Y aunque falten años para las elecciones, Erika ya se enfrenta a su primer escándalo de minicampaña.
Era un momento que te ibas a perder:
Cuando Trump se unió a Kirk en el escenario del mitin “Construir el Muro Rojo” de Turning Point USA en la Iglesia Dream City en Phoenix, se besaron brevemente en cada mejilla.
Tal vez sea porque enviudó recientemente, o tal vez sea porque Trump es menos popular hoy en día entre el tipo de personas que alguna vez formaron su base.
Pero cualquiera que sea la razón, el abrazo de Trump y Erika se ha convertido en un tema de debate y controversia generalizados en las redes sociales.
Como MSN Según algunos informes, algunos observadores han acusado a Trump de emitir “vibraciones de tío espeluznantes”.
Otros afirmaron que retuvo a Erika durante varios segundos de más.
Por lo general, Erika se inclina hacia las controversias, pero ésta decidió ignorarla y prefirió centrarse en su mensaje político.
“Y ahora tenemos que volver a presentarnos con una participación del 80 al 90 por ciento en las elecciones intermedias y fortalecer el muro rojo para la próxima década.
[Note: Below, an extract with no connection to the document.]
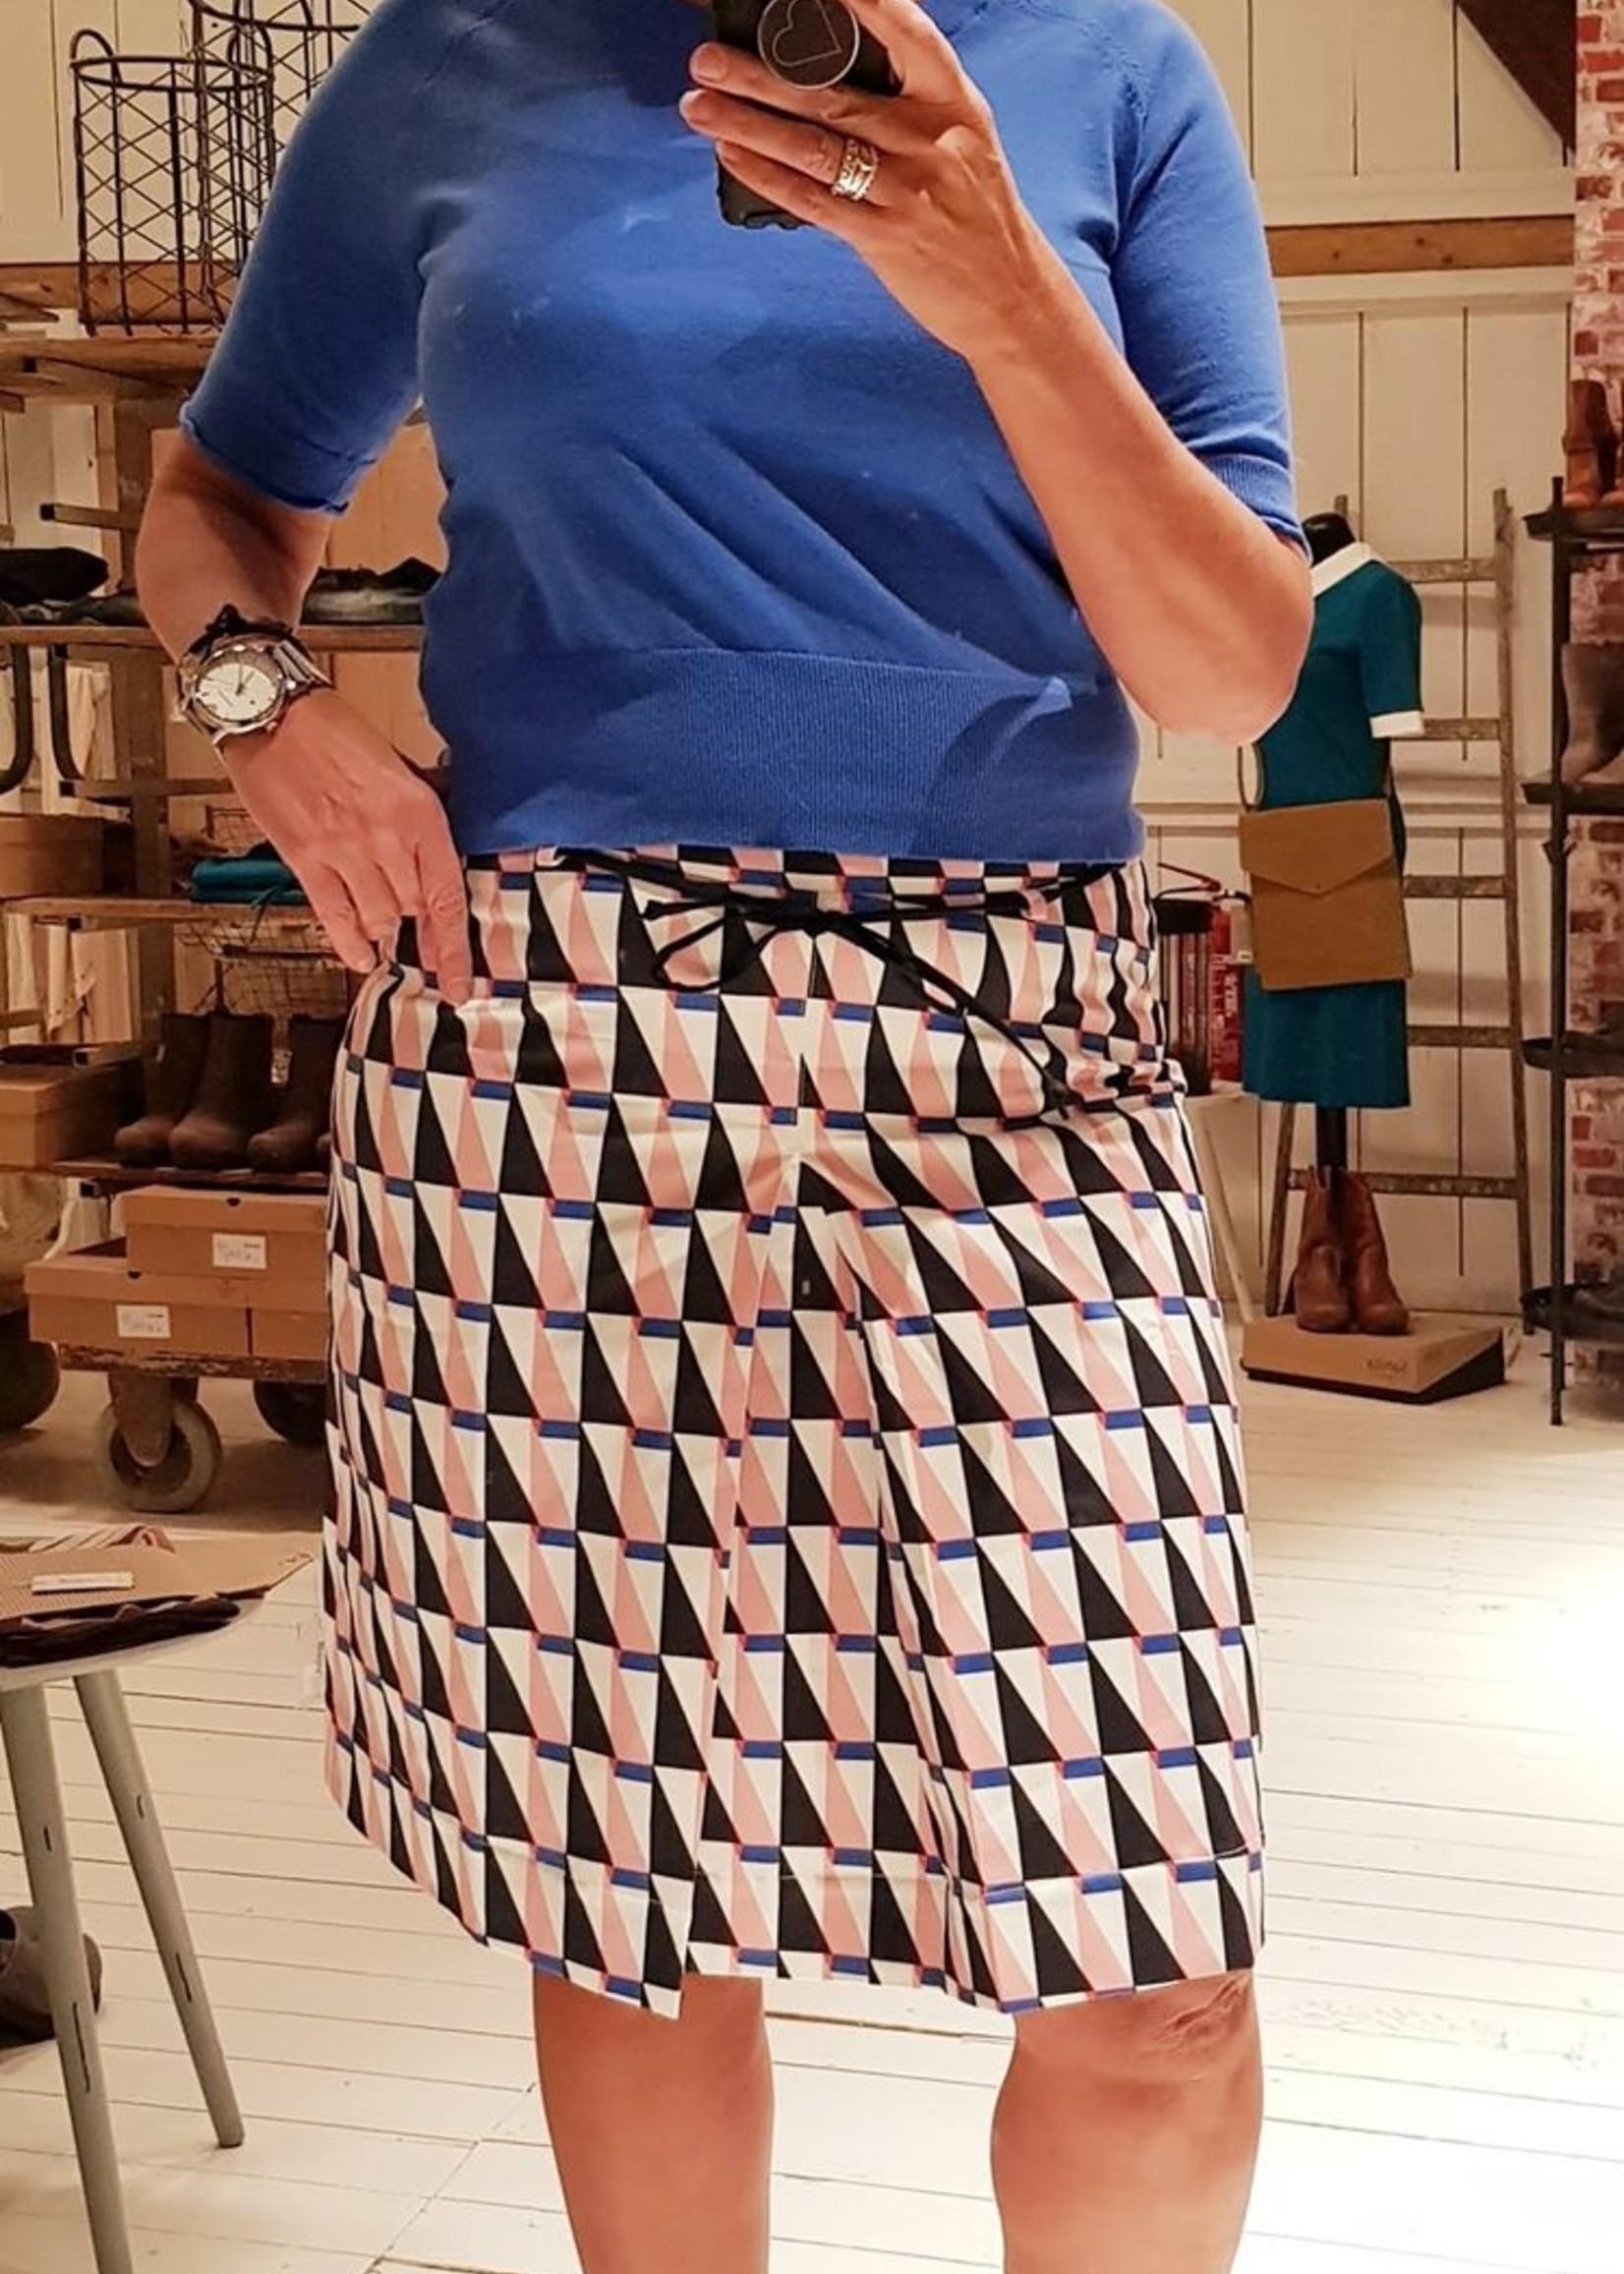 LEPEP Lepep Skirt Angie Navy

Eso es lo que tenemos que hacer”, dijo en un momento del mitin.
Luego arremetió contra quienes buscan “destrozar nuestro país” centrándose en cuestiones que dividen en lugar de unir.
Hace apenas unos meses, uno podría haber asumido que Erika se refería a liberales y demócratas, pero en estos días, podría haberse referido a ex partidarios de Trump.
De todos modos, ella ha dominado el arte del político de hacer una declaración sin decir nada.